Organizing and identifying datasets¶
Each dataset in a repository is associated with an opaque unique integer ID, which we currently call its dataset_id
, and it’s usually seen in Python code as the value of DatasetRef.id
.
This is the number used as the primary key in most Registry
tables that refer to datasets, and it’s the only way the contents of a Datastore
are matched to those in a Registry
.
With that number, the dataset is fully identified, and anything else about it can be unambiguously looked up.
We call a DatasetRef
whose id
attribute is not None
a resolved DatasetRef
.
Note
In most data repositories, dataset IDs are 128-bit UUIDs that are guaranteed to be unique across all data repositories, not just within one; if two datasets share the same UUID in different data repositories, they must be identical (this is possible because of the extraordinarily low probability of a collision between two random 128-bit numbers, and our reservation of deterministic UUIDs for very special datasets). As a result, we also frequently refer to the dataset ID as the UUID, especially in contexts where UUIDs are actually needed or can be safely assumed. But 64-bit autoincrement integers are also supported (albeit mostly for legacy reasons), and we continue to use “dataset ID” in most code and documentation to refer to either form.

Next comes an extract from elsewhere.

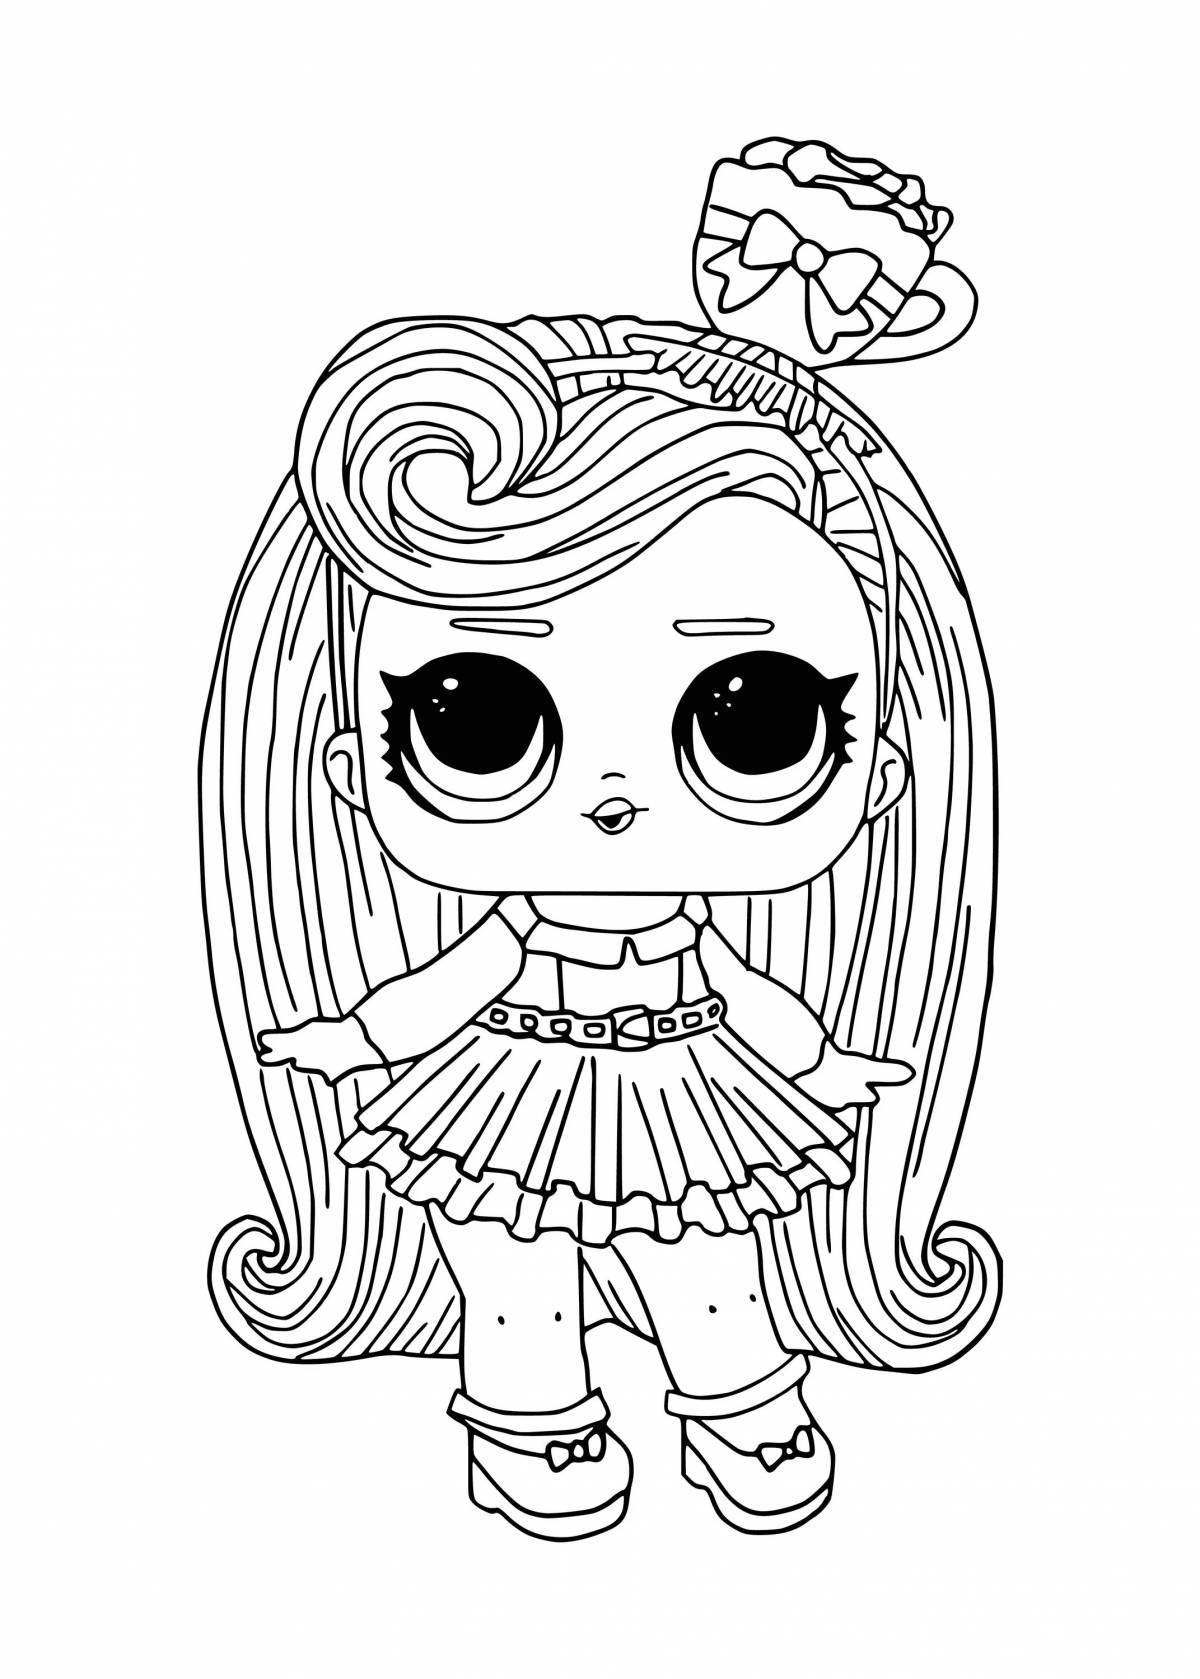 Exquisite coloring page loo

Most of the time, however, users identify a dataset using a combination of three other attributes:
- a dataset type;
- a data ID (also known as data coordinates);
- a collection.
Most collections are constrained to contain only one dataset with a particular dataset type and data ID, so this combination is usually enough to resolve a dataset (see Collections for exceptions).
A dataset’s type and data ID are intrinsic to it — while there may be many datasets with a particular dataset type and/or data ID, the dataset type and data ID associated with a dataset are set and fixed when it is created.
A DatasetRef
always has both a dataset type attribute and a data ID, though the latter may be empty.

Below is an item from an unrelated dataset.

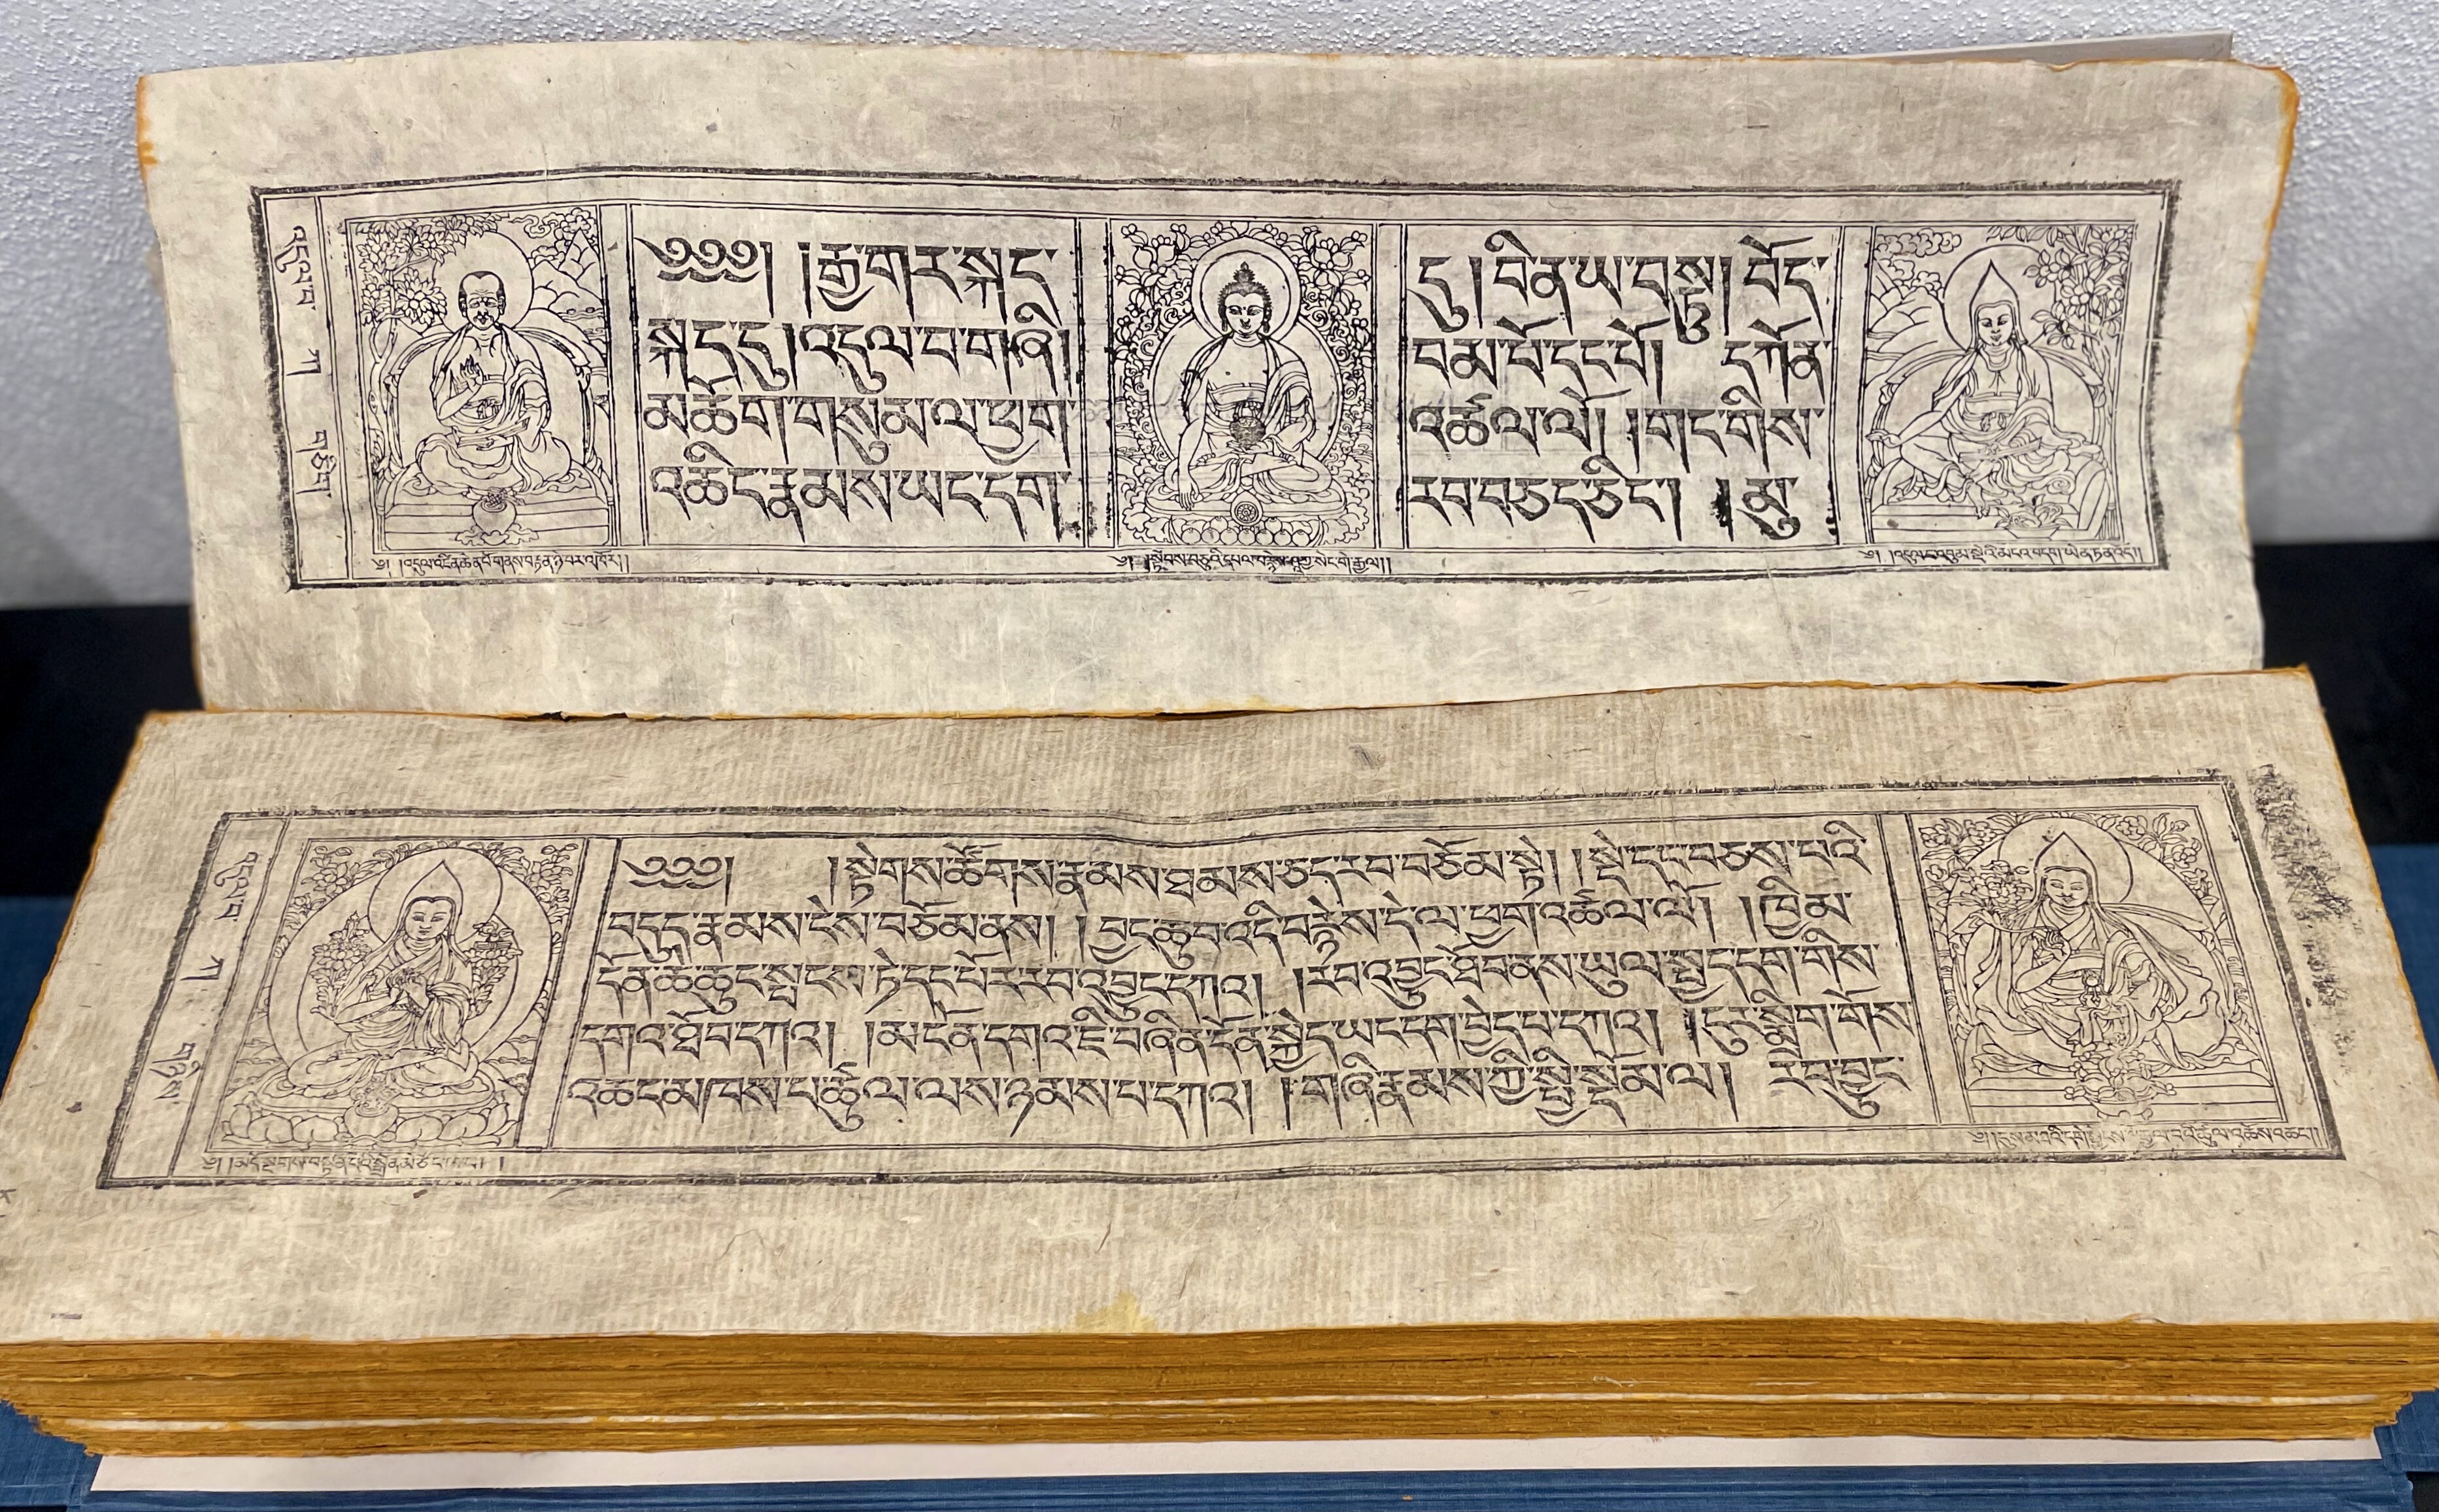 An image of two leaves of the Kanjur printed with text in Tibetan and five woodcuts of various holy figures.

Dataset types are discussed below in Dataset types, while data IDs are one aspect of the larger Dimensions system and are discussed in Data IDs.
In contrast, the relationship between datasets and collections is many-to-many: a collection typically contains many different datasets, and a particular dataset may belong to multiple collections. As a result, is is common to search for datasets in multiple collections (often in a well-defined order), and interfaces that provide that functionality can accept a collection search path in many different forms. Collections are discussed further below in Collections.
Dataset types¶
The names “dataset” and “dataset type” (which daf_butler
inherits from its daf_persistence
predecessor) are intended to evoke the relationship between an instance and its class in object-oriented programming, but this is a metaphor, not a relationship that maps to any particular Python objects: we don’t have any Python class that fully represents the dataset concept (DatasetRef
is the closest), and the DatasetType
class is a regular class, not a metaclass.

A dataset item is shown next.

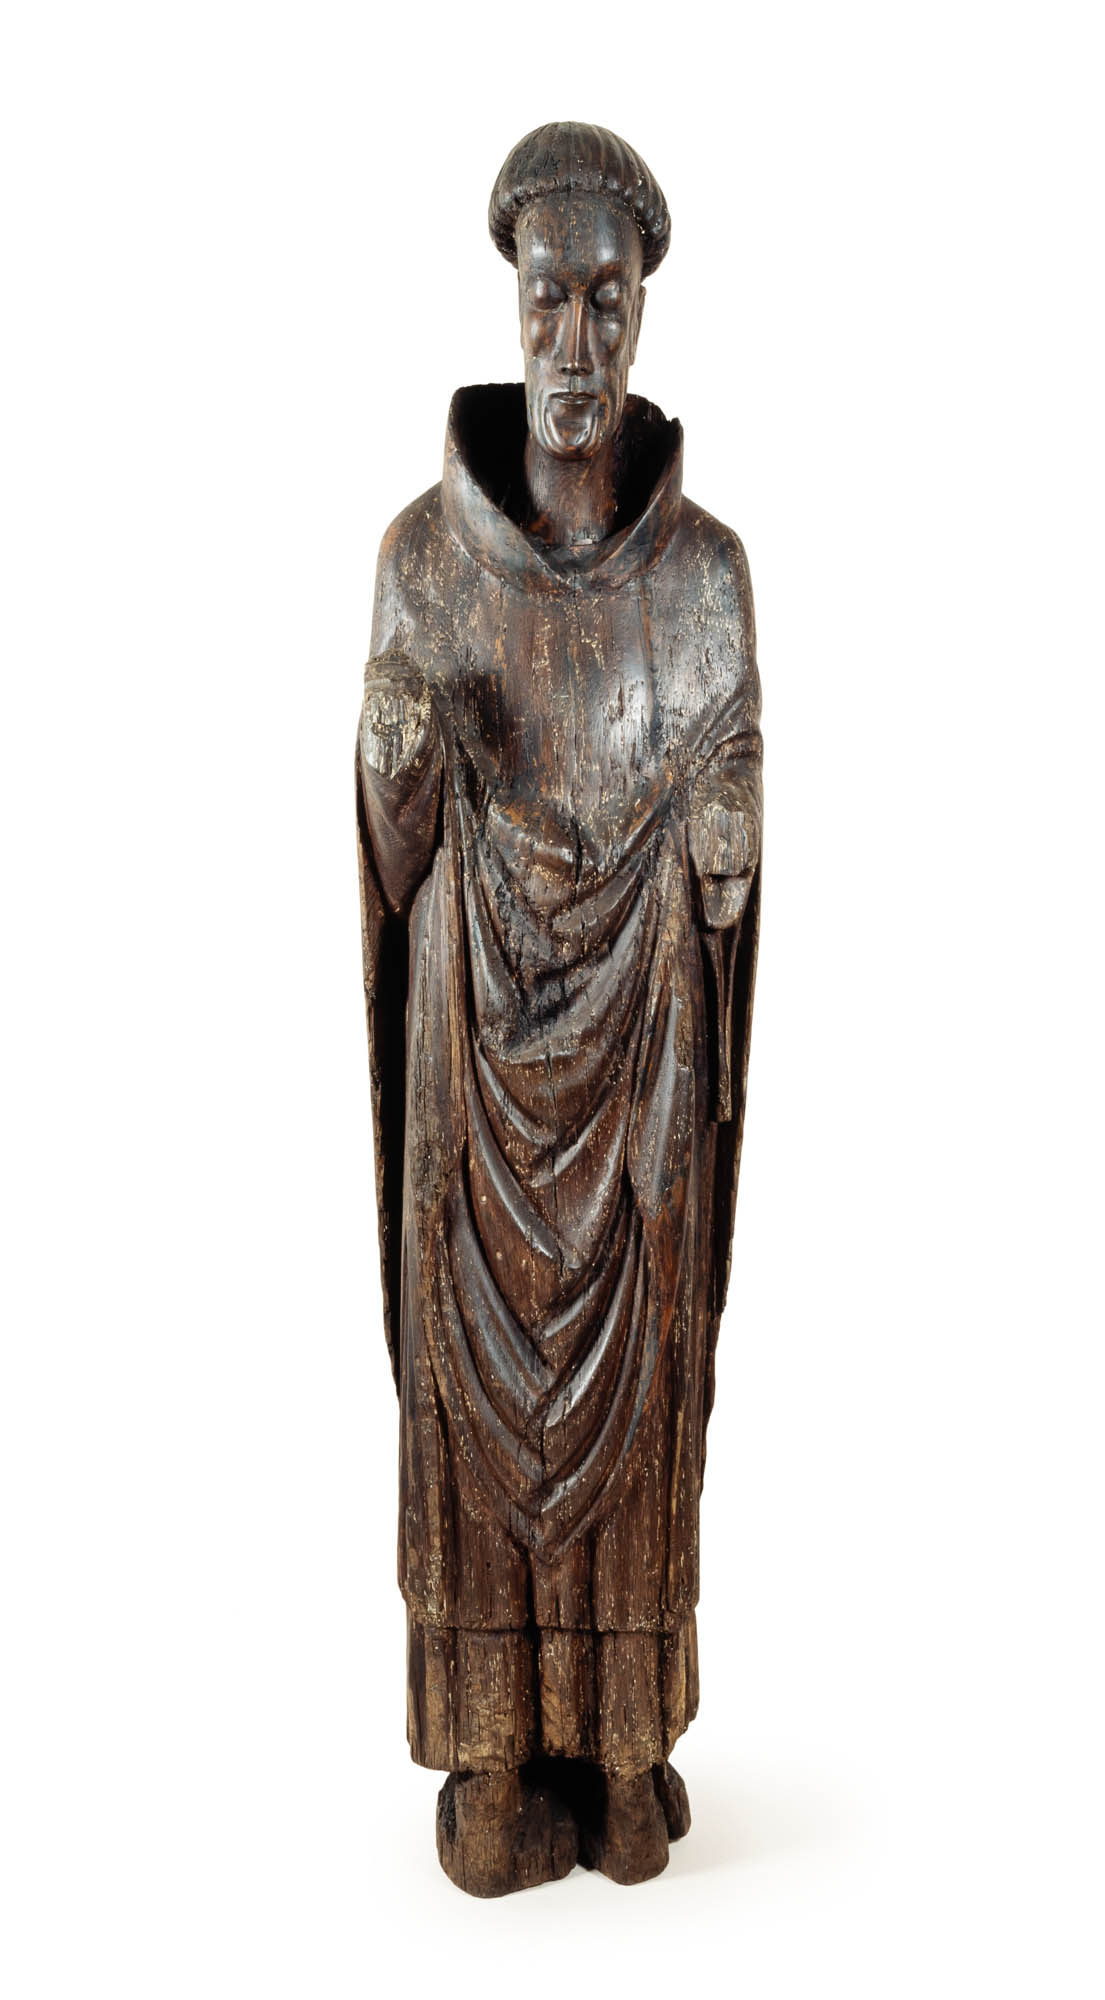 Dark wooden statue of gaunt bearded saint in flowing robes that is missing both arms.

So a dataset type is represented in Python as a DatasetType
instance.
A dataset type defines both the dimensions used in a dataset’s data ID (so all data IDs for a particular dataset type have the same keys, at least when put in standard form) and the storage class that corresponds to its in-memory Python type and maps to the file format (or generalization thereof) used by a Datastore
to store it.
These are associated with an arbitrary string name.
Beyond that definition, what a dataset type means isn’t really specified by the butler itself, but we expect higher-level code that uses butler to make that clear, and one anticipated case is worth calling out here: a dataset type roughly corresponds to the role its datasets play in a processing pipeline. In other words, a particular pipeline will typically accept particular dataset types as inputs and produce particular dataset types as outputs (and may produce and consume other dataset types as intermediates). And while the exact dataset types used may be configurable, changing a dataset type will generally involve substituting one dataset type for a very similar one (most of the time with the same dimensions and storage class).
Collections¶
Collections are lightweight groups of datasets defined in the Registry
.
Groups of self-consistent calibration datasets, the outputs of a processing run, and the set of all raw images for a particular instrument are all examples of collections.
Collections are referred to in code simply as str
names; various Registry
methods can be used to manage them and obtain additional information about them when relevant.
There are multiple types of collections, corresponding to the different values of the CollectionType
enum.
All collection types are usable in the same way in any context where existing datasets are being queried or retrieved, though the actual searches may be implemented quite differently in terms of database queries.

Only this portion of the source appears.